BridgeDB re-assigns unallocated bridges from/to file buckets without need

It looks like BridgeDB re-assigns unallocated bridges from/to file buckets without need. That is, a bridge that keeps running from one network status to the next might be removed from a file bucket and replaced with another bridge. This leads to quick enumeration of all bridges in the unallocated pool when using file buckets.

A second bug seems to be that BridgeDB appends bridges to file buckets instead of overwriting these files. The result is that there are duplicate entries in files that external distributors use.

Here's how one can reproduce the problem using sanitized bridge descriptors. Yes, this description is lengthy and ugly, but it works for testing BridgeDB in general, even if one doesn't have the original bridge descriptors handy.

Download and extract the sanitized bridge descriptors from January 2009:

https://metrics.torproject.org/data/bridge-descriptors-2009-01.tar.bz2

Create a single bridge-descriptors file containing all bridge descriptors from that month.

$ cd bridge-descriptors-2009-01/ $ echo "@purpose bridge" > purpose $ echo "router-signature" > routersignature $ find server-descriptors/ -type f | xargs -I{} cat purpose {} routersignature > bridge-descriptors

Copy the new bridge-descriptors file to BridgeDB's working directory (here: ~/run/).

$ cd ~/run/ $ cp bridge-descriptors-2009-01/bridge-descriptors .

Also copy the sanitized network status file from 2009-01-10 00:07:04 to BridgeDB's working directory and rename it to networkstatus-bridges.

$ cp bridge-descriptors-2009-01/statuses/10/20090110-000704-4A0CCD2DDC7995083D73F5D667100C8A5831F16D networkstatus-bridges

Configure BridgeDB to write 4 bridges to file bucket twitter, otherwise keep the default configuration. Start BridgeDB (note that it may take 30 seconds to digest the 8.5M bridge-descriptors file) and dump bridges to file buckets.

The result is a new file twitter-2011-03-09.brdgs with this content (may vary for you):

10.134.79.249:443
10.236.199.173:443
10.116.76.140:9001
10.51.76.151:18443

It also writes this unallocated-2011-03-09.brdgs file (again, content may vary):

10.126.198.237:443
10.251.69.61:9003
10.31.186.235:49001
10.81.88.5:9001

Replace the networkstatus-bridges with the one from roughly 30 minutes later:

$ cp bridge-descriptors-2009-01/statuses/10/20090110-030709-4A0CCD2DDC7995083D73F5D667100C8A5831F16D networkstatus-bridges

Give BridgeDB a HUP, wait at least 30 seconds, and tell it to dump bridges to file buckets again.

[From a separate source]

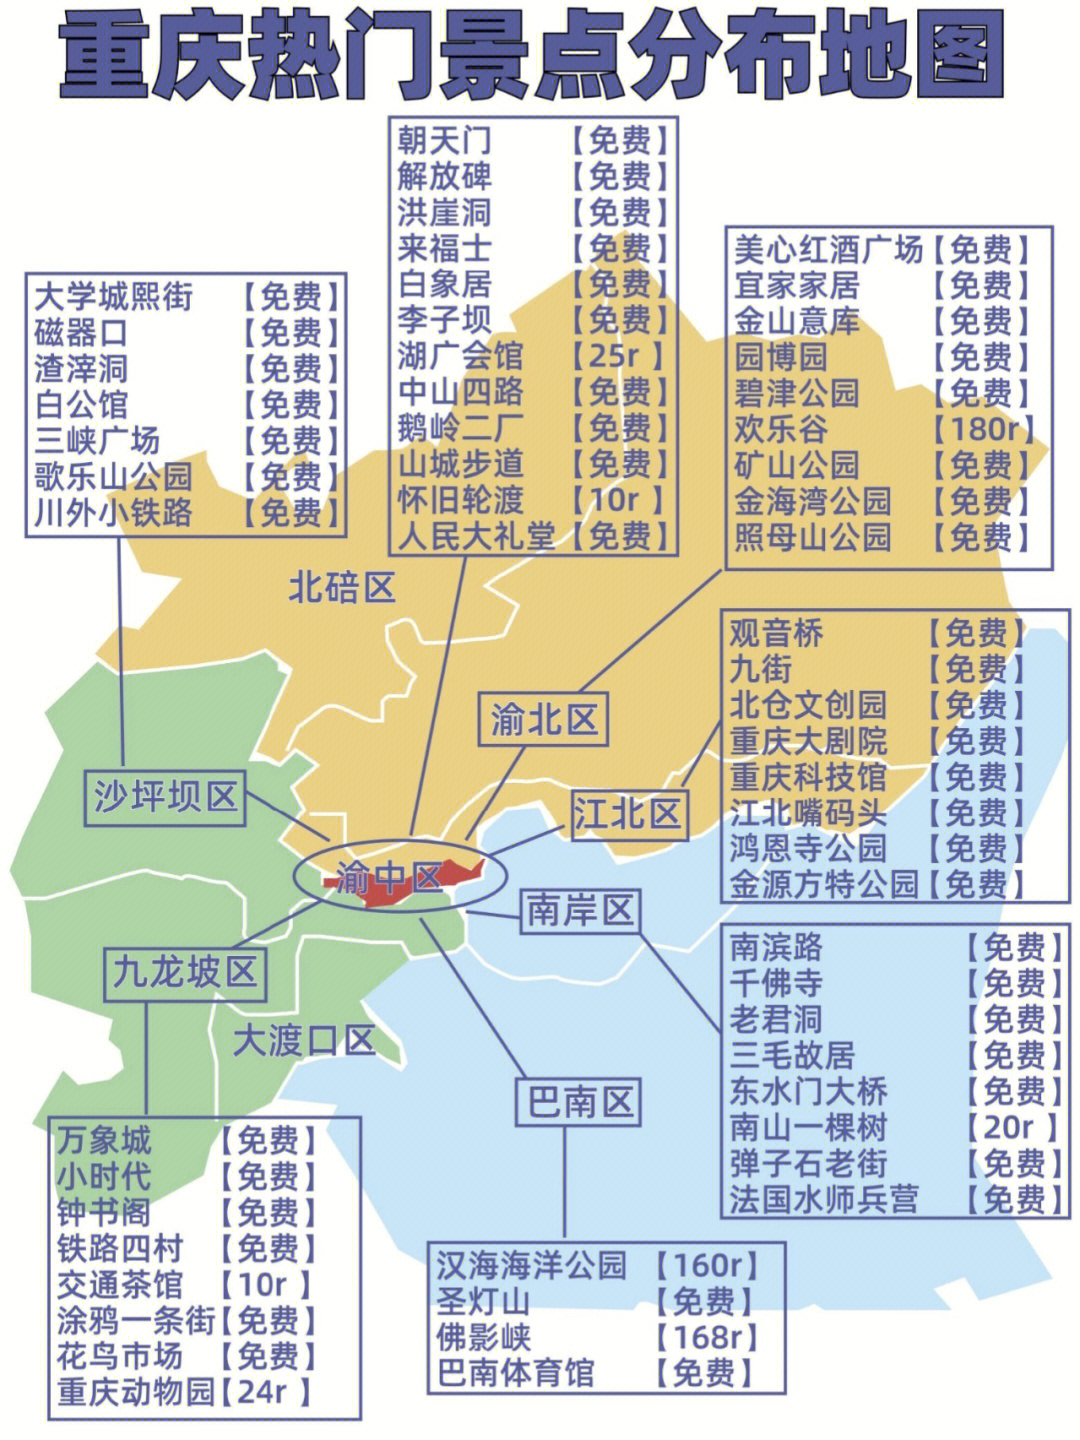 重庆市区景点分布图图片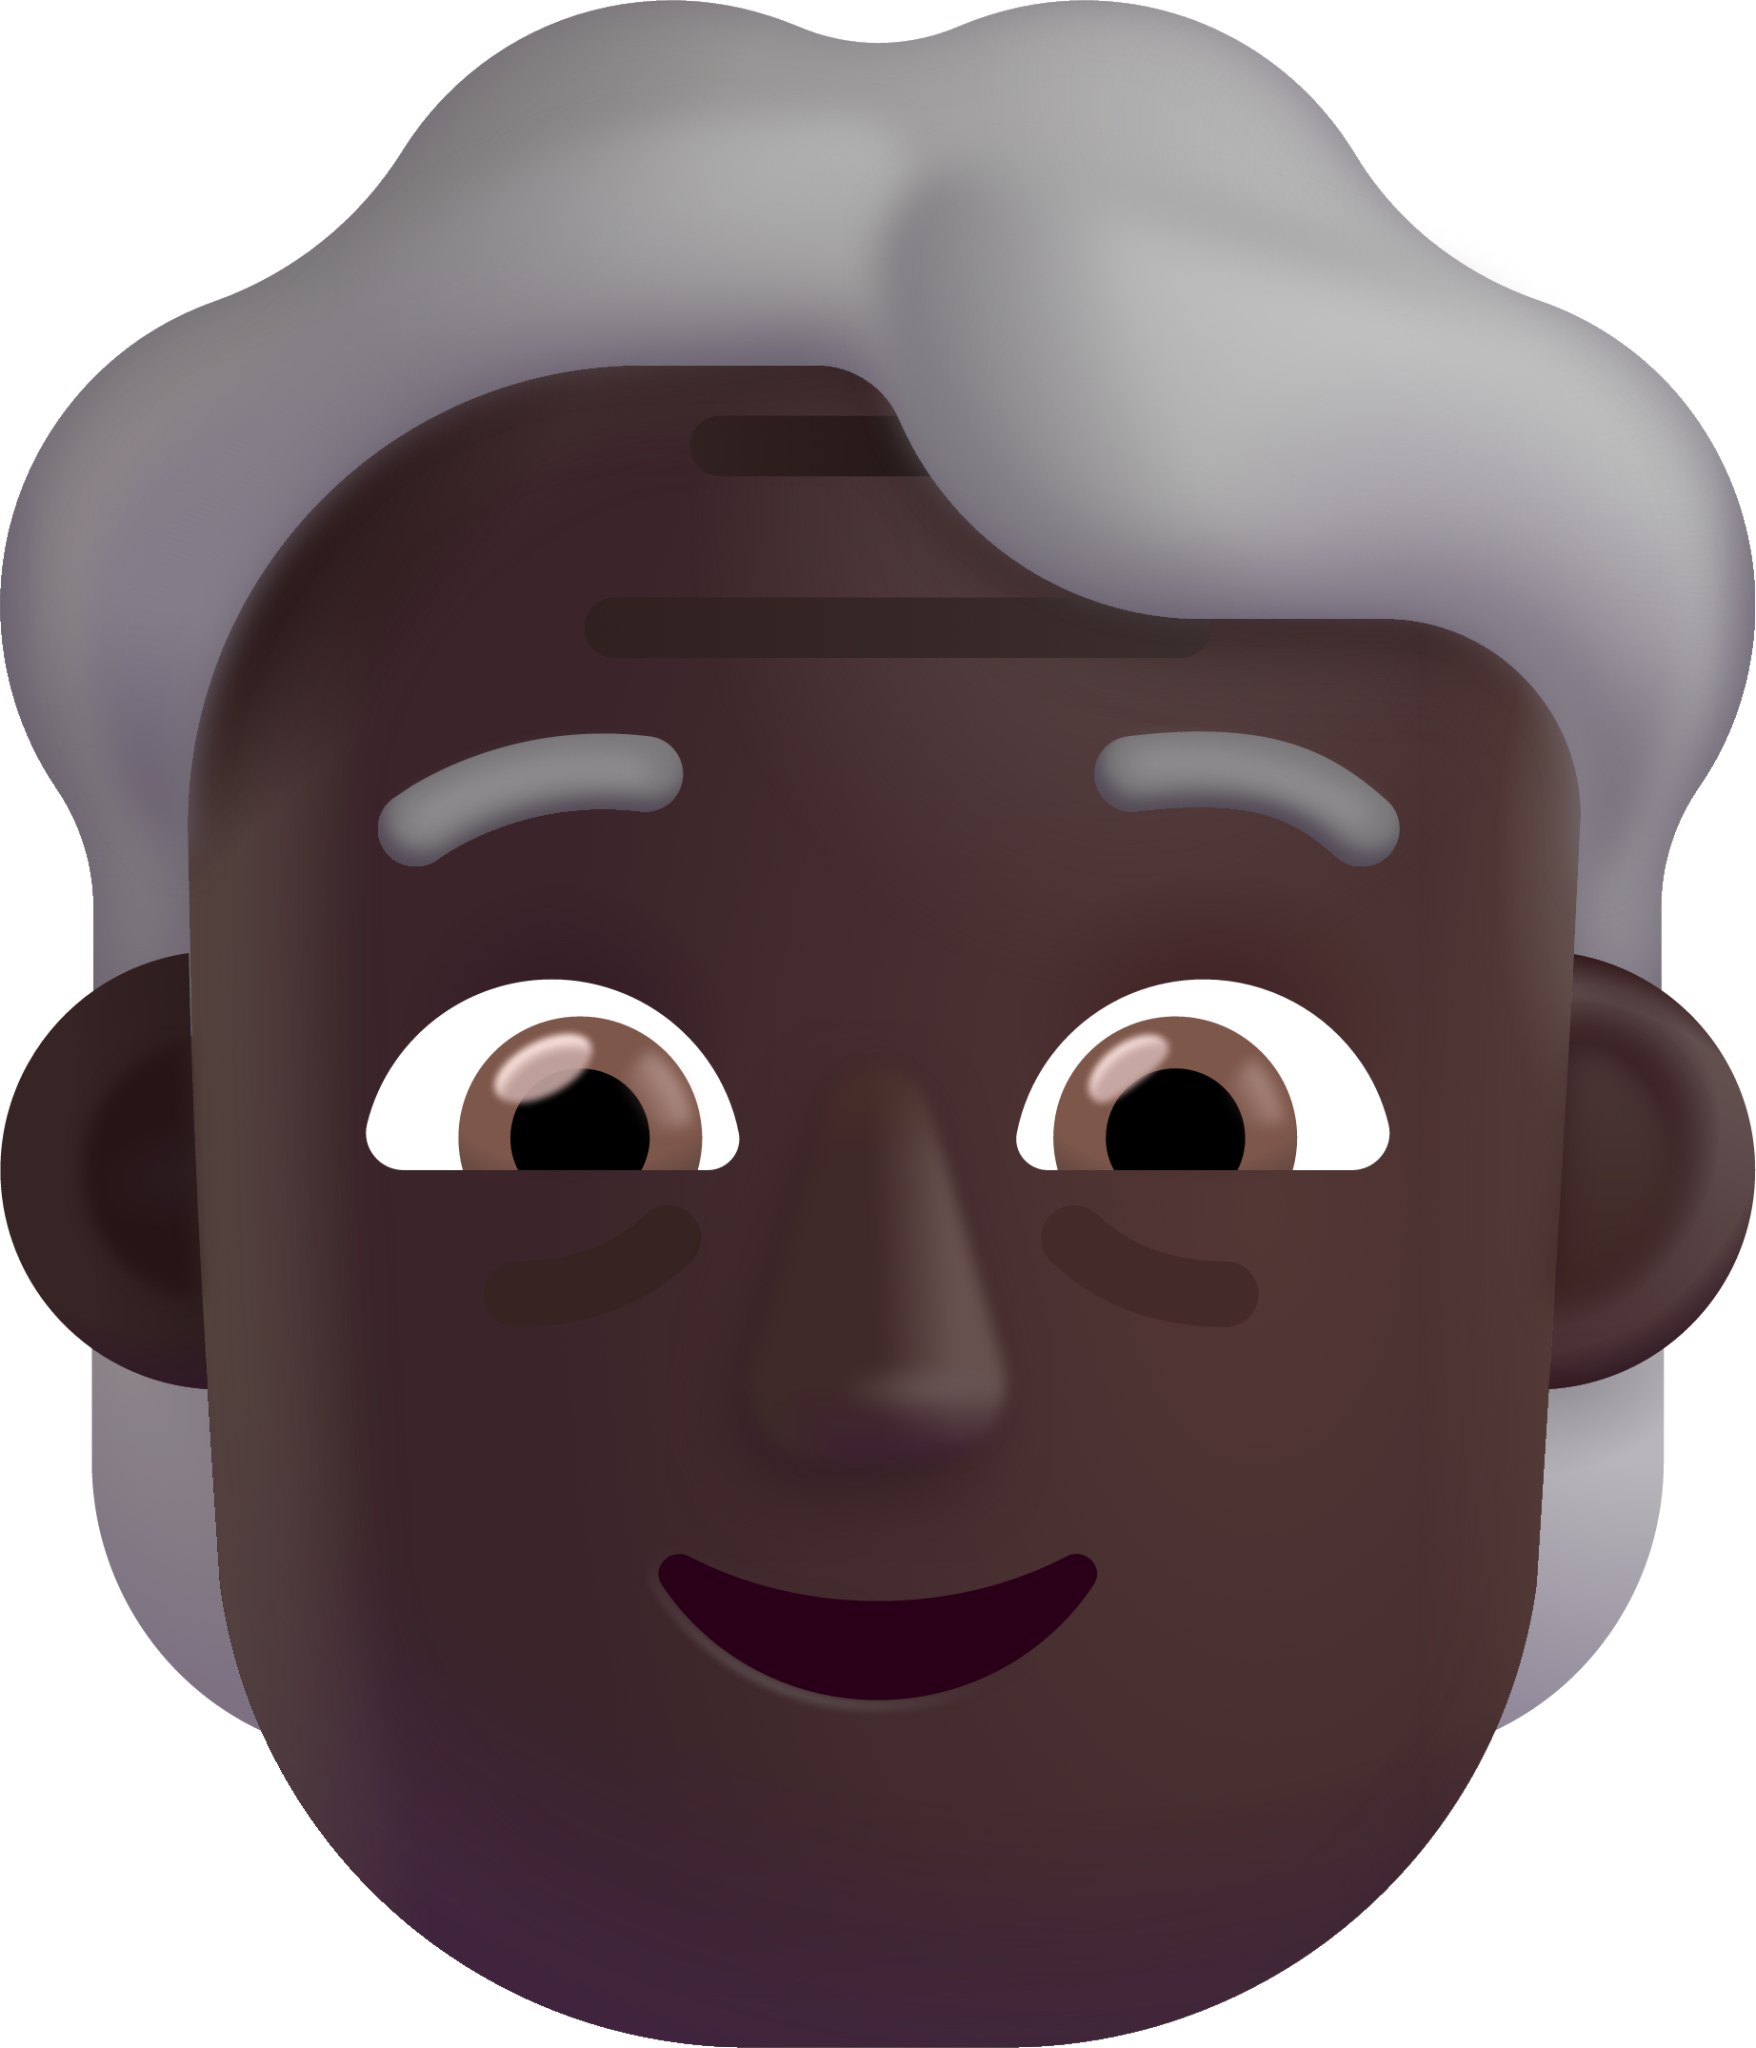 older person dark emoji

Here's my new twitter-2011-03-09.brdgs file:

10.134.79.249:443
10.236.199.173:443
10.116.76.140:9001
10.51.76.151:18443
10.51.76.151:18443
10.237.143.0:443
10.241.115.62:443
10.239.76.198:443

And my unallocated-2011-03-09.brdgs file:

10.126.198.237:443
10.251.69.61:9003
10.31.186.235:49001
10.81.88.5:9001
10.126.198.237:443
10.251.69.61:9003
10.31.186.235:49001
10.81.88.5:9001
10.134.79.249:443
10.236.199.173:443
10.116.76.140:9001

There are two bugs:

  • Why was 10.236.199.173:443 (2nd line in twitter-2011-03-09.brdgs) removed from this file bucket and put back in the unallocated ring again (last but one line in unallocated-2011-03-09.brdgs)? I confirmed that this is the same bridge using the new pool assignments patch that is not merged yet. This is the first bug described above.

  • Why are IP:port lines appended to these files? This is the second bug described above.